Earlier, the only methods that worked when you needed to transfer cash to something were to physically hand over hard cash or use a cheque or a draft. These methods proved cumbersome, time taking and added to unaccounted transactions. With the recent improvements in the technology used by banks and the impetus on bringing in digital inclusion, there is more than one method of carrying out cash/fund transfer between individuals or businesses. Read on to know more about them.
What is RTGS?
Real-Time Gross Settlement, an innovation of the Indian banking and financial system, refers to the system of settling any payments that have been placed by an individual.
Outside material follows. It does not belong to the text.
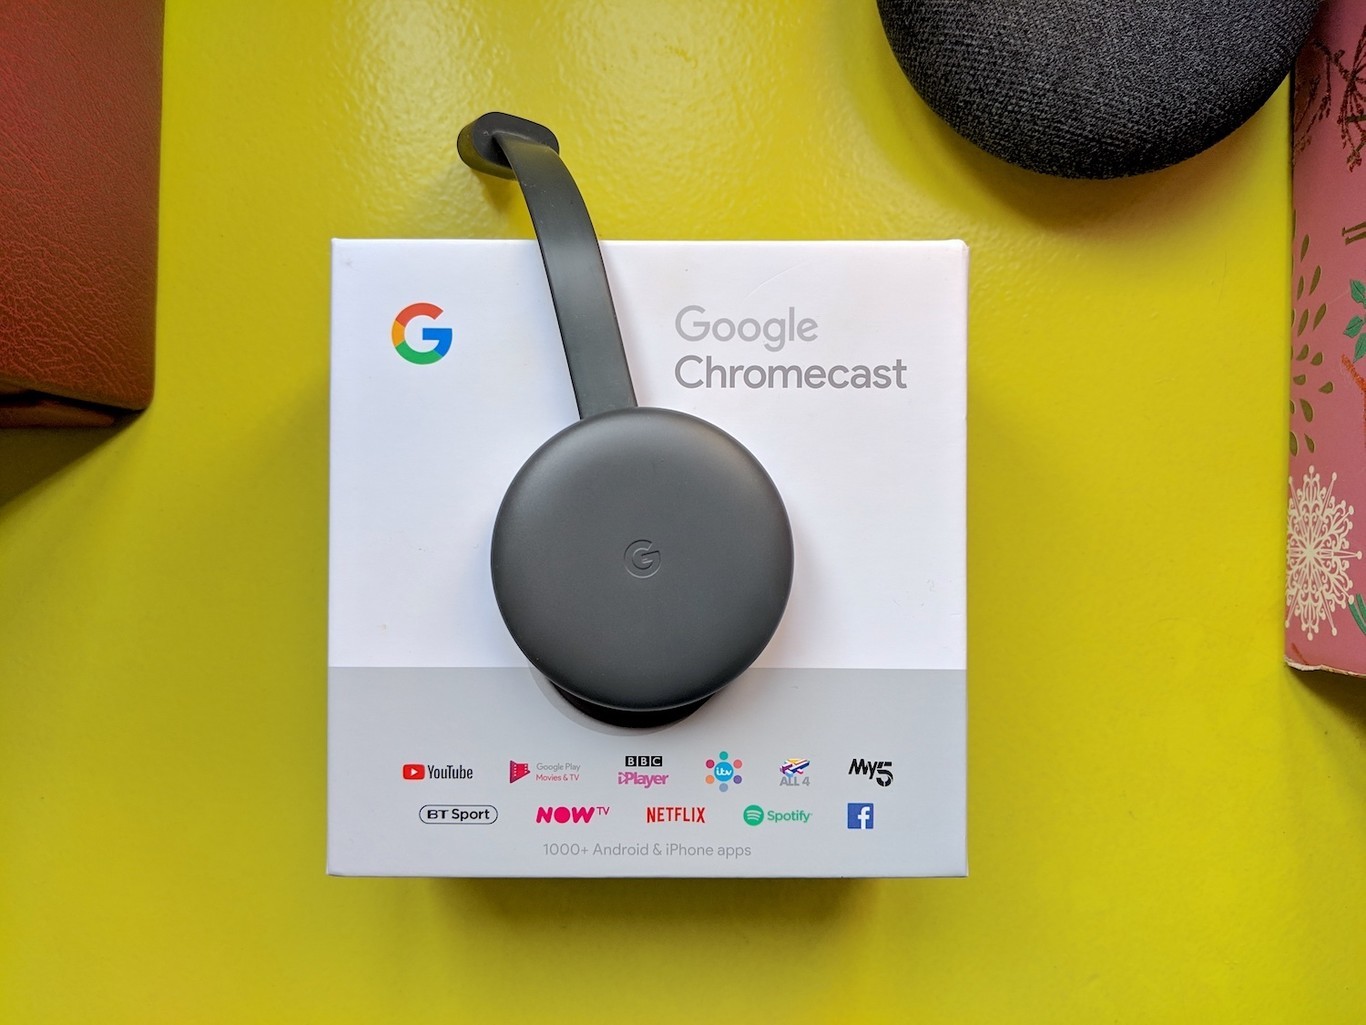 How the Chromecast works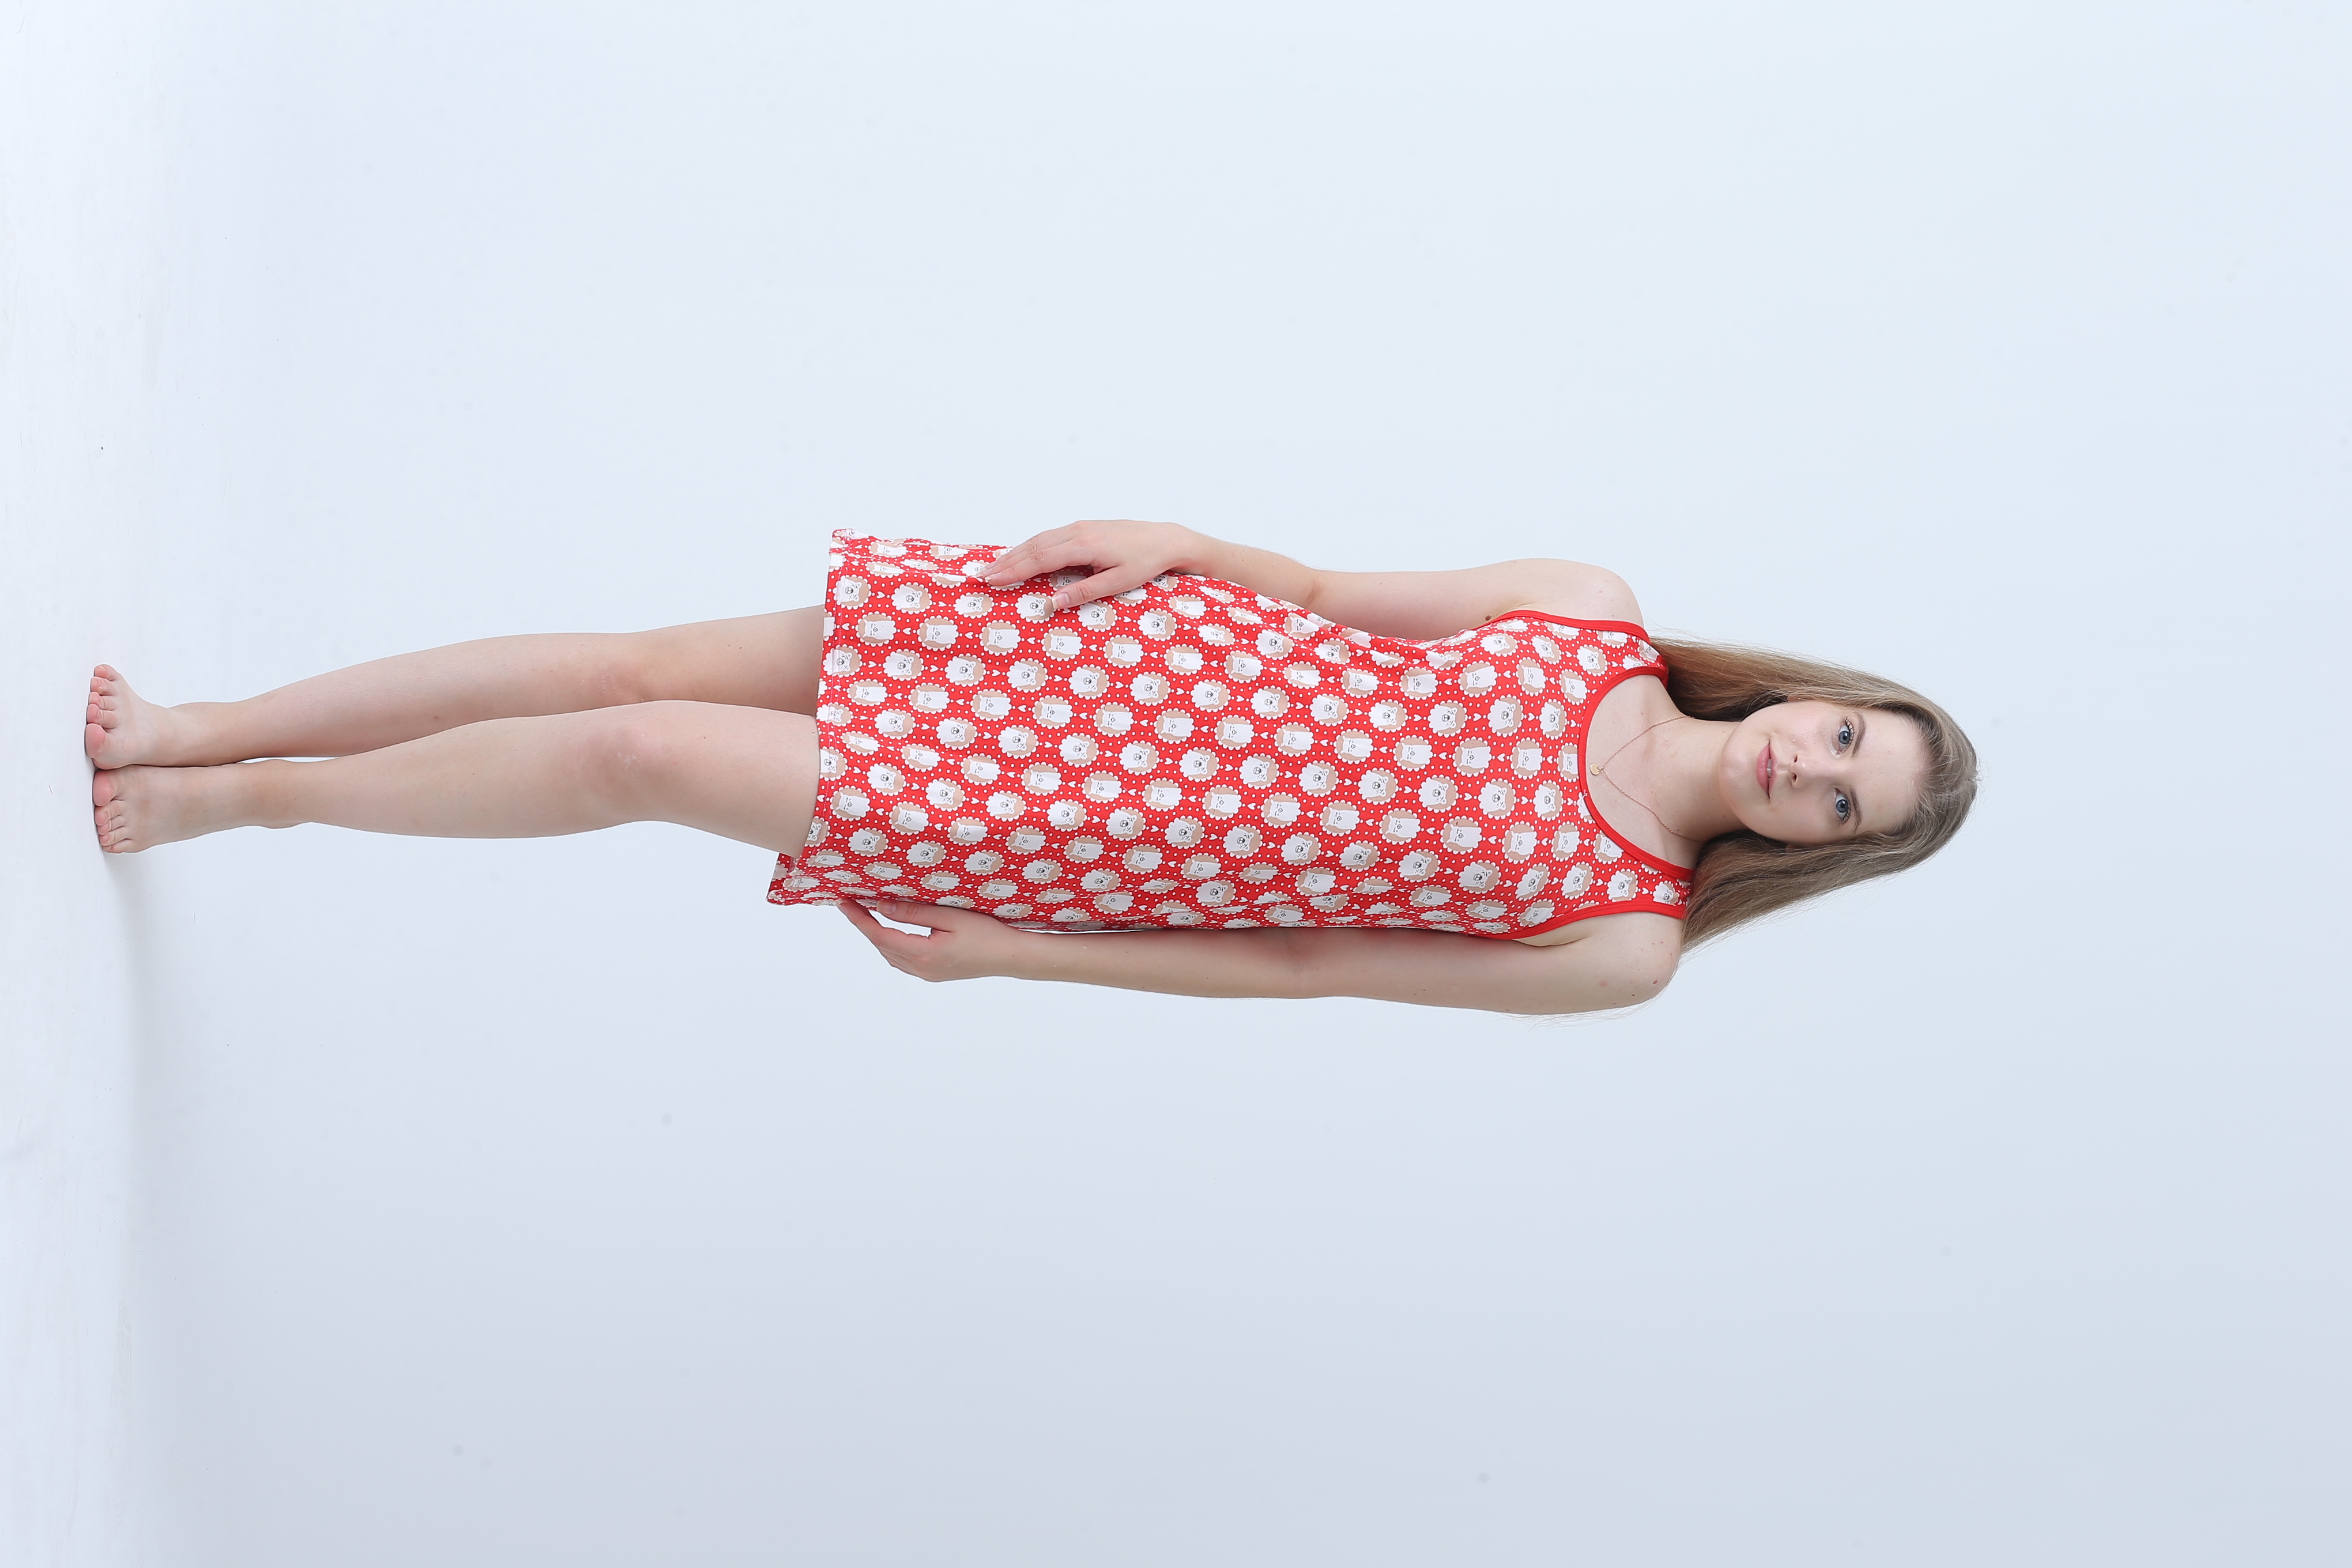 厂家直销牛奶丝2022新款女士睡衣睡裙红色波点睡裙                                   图

This is done across the books of a central bank of India or the RBI. This process is resorted to in the case of large value interbank transfers.
How does RTGS Work?
The words real-time implies that the settlement happens as soon as the receiving bank gets the funds transferred from the sender bank. The word gross settlement implies that transactions are handled and settled at an individual level without bunching them up.
In India, funds above Rs. 2,00,000 can be transferred through RTGS. The maximum amount that can be transferred is Rs. 10,00,000. The RTGS transaction can be initiated through internet banking or by visiting the nearest bank branch.
What are the advantages associated with RTGS?
Using the RTGS method to transact reduces the delivery risk (especially of high value transactions) and a time lag in completion of transactions as the transactions happen in real time. There is a smaller window for critical information to be exposed to vulnerabilities and cyber security attacks.
What are the disadvantages associated with RTGS?
A higher charge is incurred in the case of RTGS payments. There are specific limits to the amounts that can be transferred through this system at once. Also, the customer cannot trace the transaction – only a positive confirmation is received by the remitting bank regarding the fund transfer from the RBI.
What is NEFT?
NEFT or National Electronic Fund Transfer is a fund transfer system that operates on a Deferred Net Settlement (DNS) basis as the settlement is done in batches and not real-time. The payables and receivables are netted and then settled by the originator and receiver bank via the clearinghouse of the central bank.
What are the advantages associated with NEFT?
It is a simple, paperless system that requires no cheque book or demand draft for transferring funds. The facility is available on all days of the year and no charges are levied on the bank account of the customer for online NEFT transactions. There is near real-time funds transfer to the beneficiary account and settlement is completed in a simple and secure manner.
What are the disadvantages associated with NEFT?
The main disadvantage associated with NEFT is that it is a technical alternative for transferring of funds that customers might find difficult to navigate through initially. The funds are also exposed to the risks of cyber security threats.
What is IMPS?
Immediate Payment Service or IMPS refers to the money transfer mechanism that transfers funds instantly. The service is available on one’s mobile phone making it a very convenient mode of fund transfer. This service was launched in the year 2010 by the National Payment Corporation of India (NPCI).
What are the advantages associated with IMPS?
There are numerous advantages associated with transactions in IMPS – the fund transfers can be done with the help of MMID, Aadhaar number, and mobile number, the transaction is safe and cost-effective, it is available 24/7 and the money gets credited to the beneficiaries account in a matter of a few seconds.
What are the disadvantages Associated with IMPS?
There is a maximum limit of Rs. 2,00,000 that can be transferred through IMPS (though this limit might vary). As secure as the system is, it is still vulnerable to some cyber security threats.
Difference Between RTGS, NEFT and IMPS
There are numerous differences that exist between the RTGS, NEFT and IMPS modes of fund transfer. The differences are listed below –
|Meaning||It is a real time fund transfer that happens for high value transactions between two individual accounts.||It is a one-to-one fund transfer that occurs on a half an hour basis.||It is a real time, instant interbank fund transfer that is managed by the NPCI.|
|Minimum transfer value||Rs. 2,00,000||Re. 1||Re. 1|
|Maximum transfer value||Rs. 10,00,000||No limit||No limit|
|Settlement type||Real time basis||Done every half an hour||Real time basis|
|Payment option||Both online and offline payment can be done||Both online and offline payment can be done||Only online payment mode|
|Inward transaction charges||No charges||No charges||Charges as per the bank|
FAQs on RTGS, NEFT, and IMPS
If the funds are not credited to the beneficiaries account, then the originating bank will revert the funds within a period of one hour or before the end of the business day, whichever is earlier.
RTGS can be used for interest payments, loan payments, supplier payments, tax payments, trade payments, hedging, cash management transfer and securities transactions.
Yes, RTGS can be rescheduled in advance with prior intimation to the bank. This has to be done three working days prior.
All three services are available 24/7 and are convenient to complete.
Merchant payments can be done with the help of IMPS at any time of the day. Even NRI customers can transfer money through IMPS.